Heap Sort

Heap sort is a sorting algorithm that sorts data in ascending or descending order using the input data. It is a tree-like structure created from the input data. It’s similar to selection sorting, in which we find the smallest element first and place it at the top. The process is repeated for the remaining elements.To complete the sorting, the algorithm requires 3 steps:

  1. With input data, create a heap 
  2. The heap’s elements are sorted in ascending order.
  3. Swap the root node with the last node in the heap and delete the last node. 

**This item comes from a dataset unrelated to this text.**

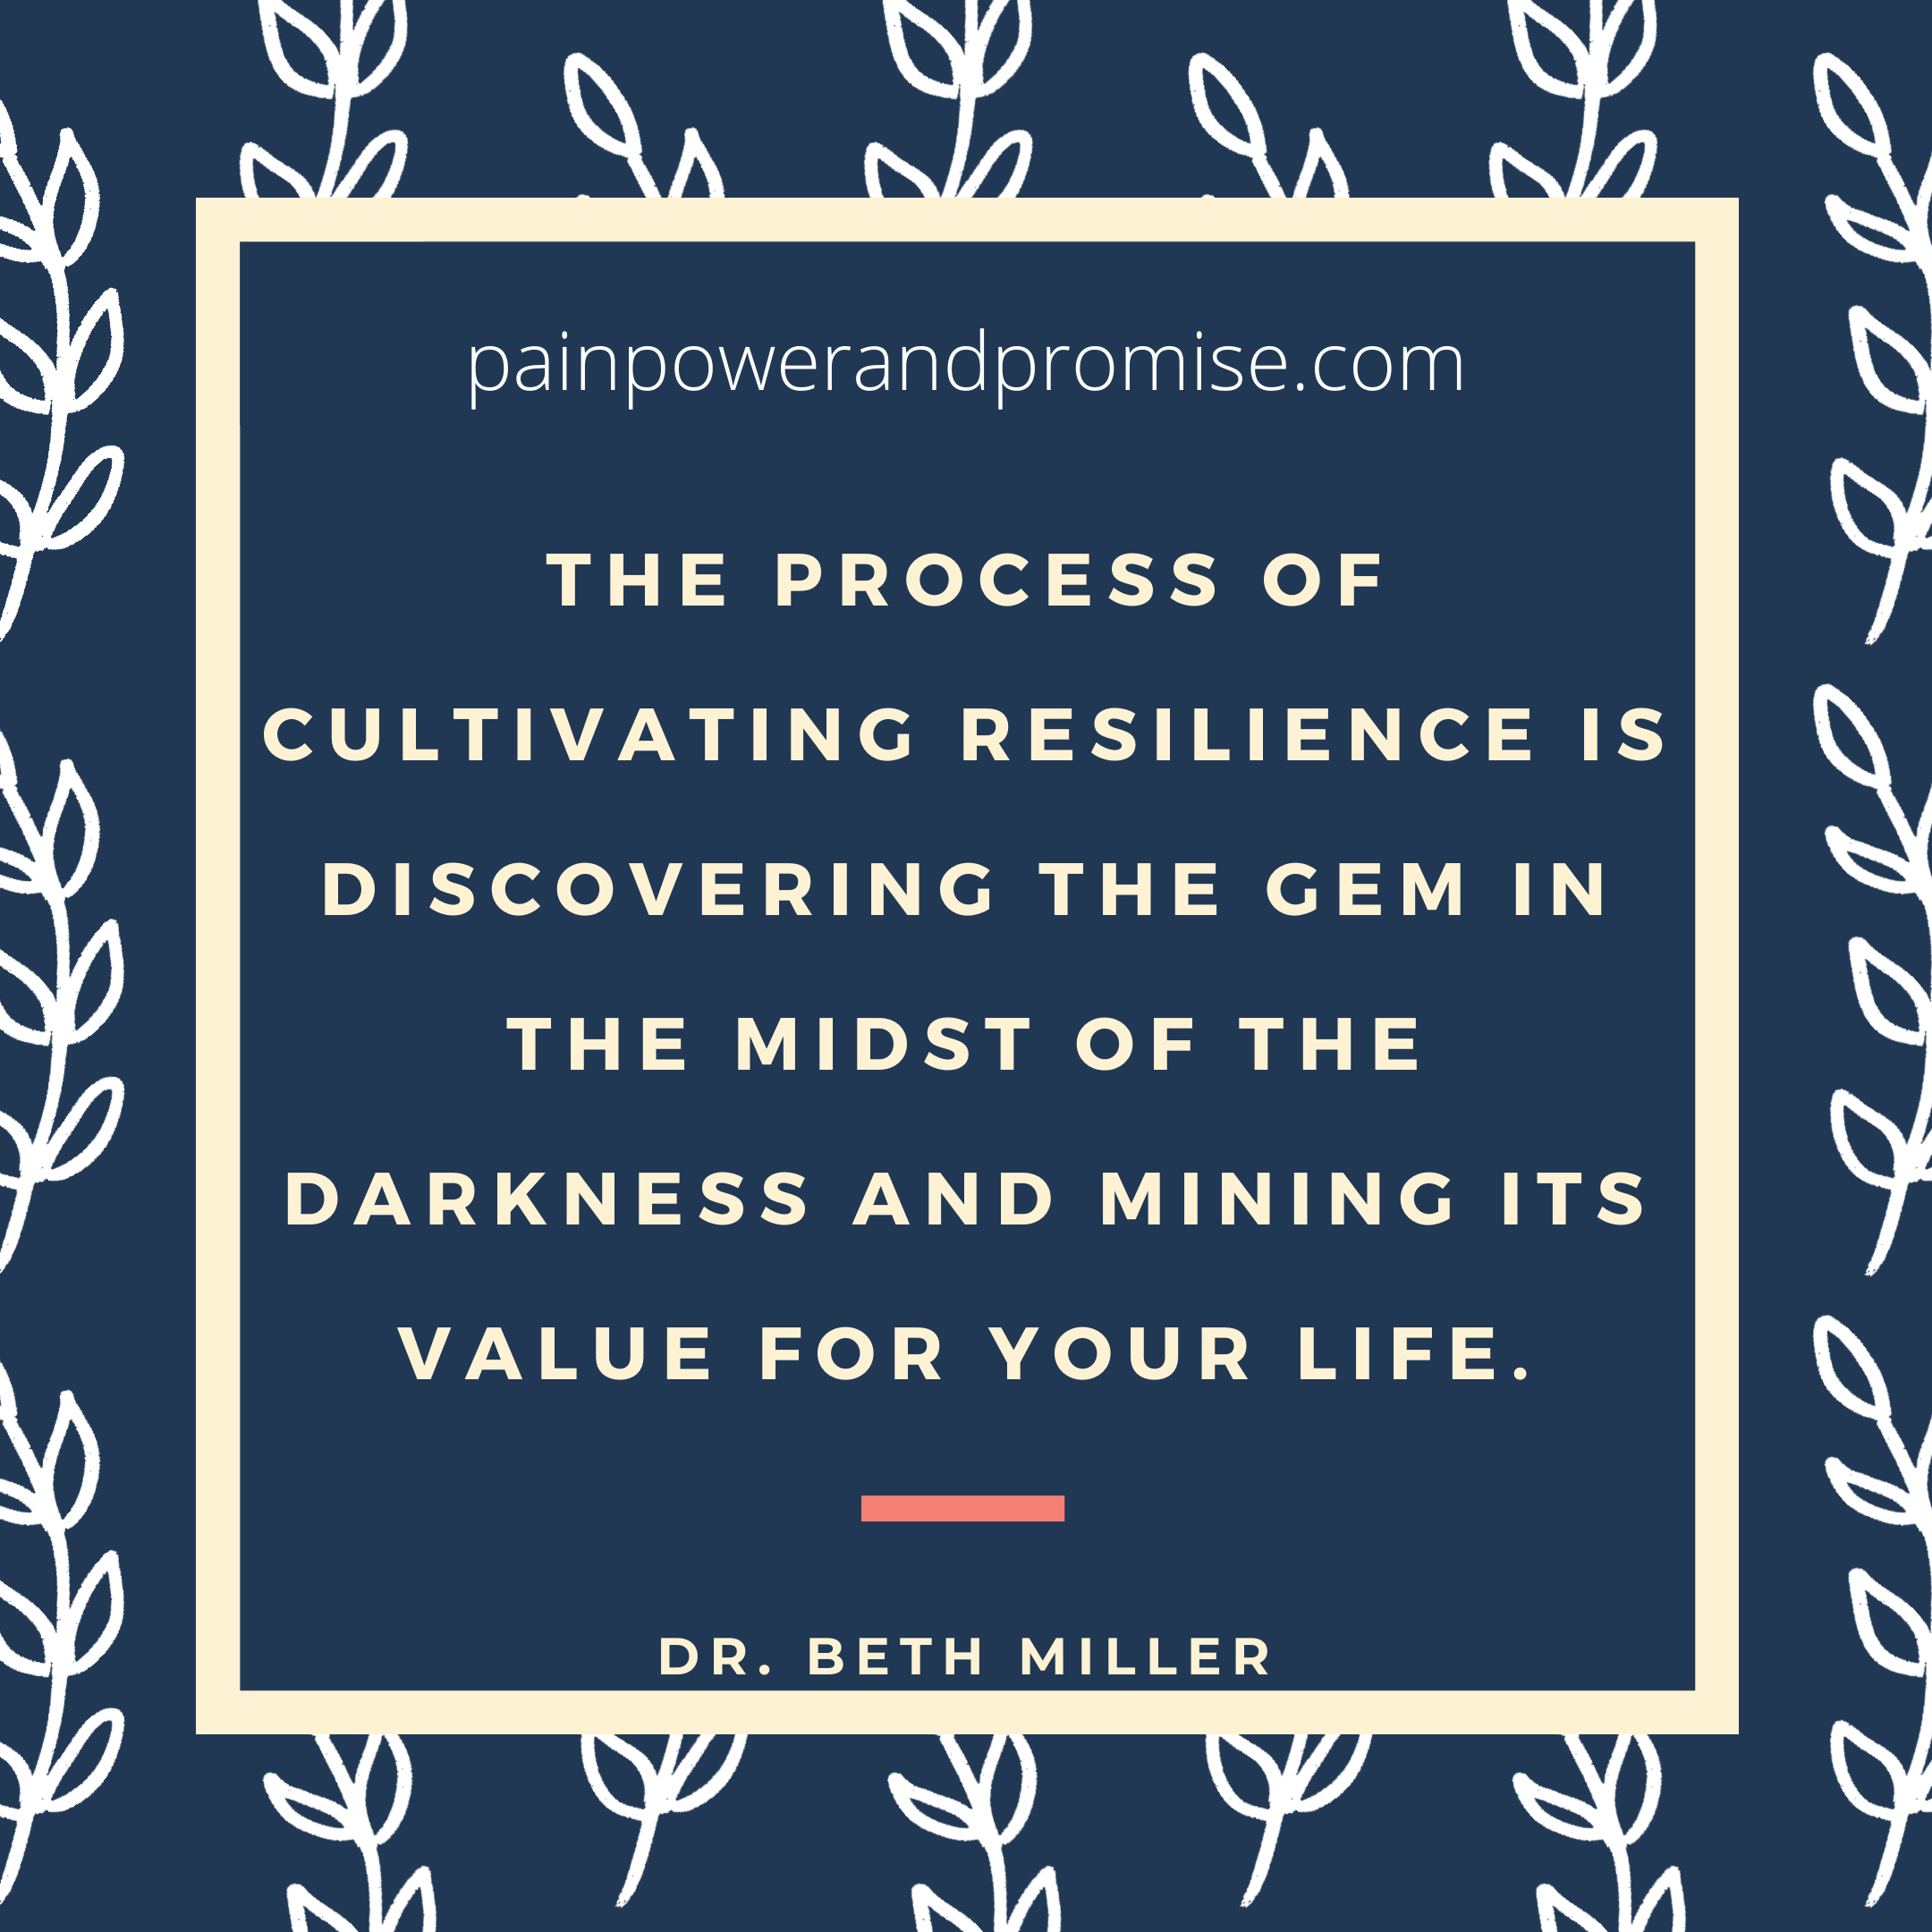 The process of cultivating resilience is discovering the gem in the midst of the darkness and mining its value for your life.

Before proceeding further, let’s understand Complete Binary Tree and Heapify.

Complete Binary Tree

 It is a tree in which all levels are completely filled. It has one exception in the lowest level, which is possibly filled from the left. The leaf node must all lean to the left. A complete binary tree does not have to be a full binary tree because the last leaf element may not have the right sibling.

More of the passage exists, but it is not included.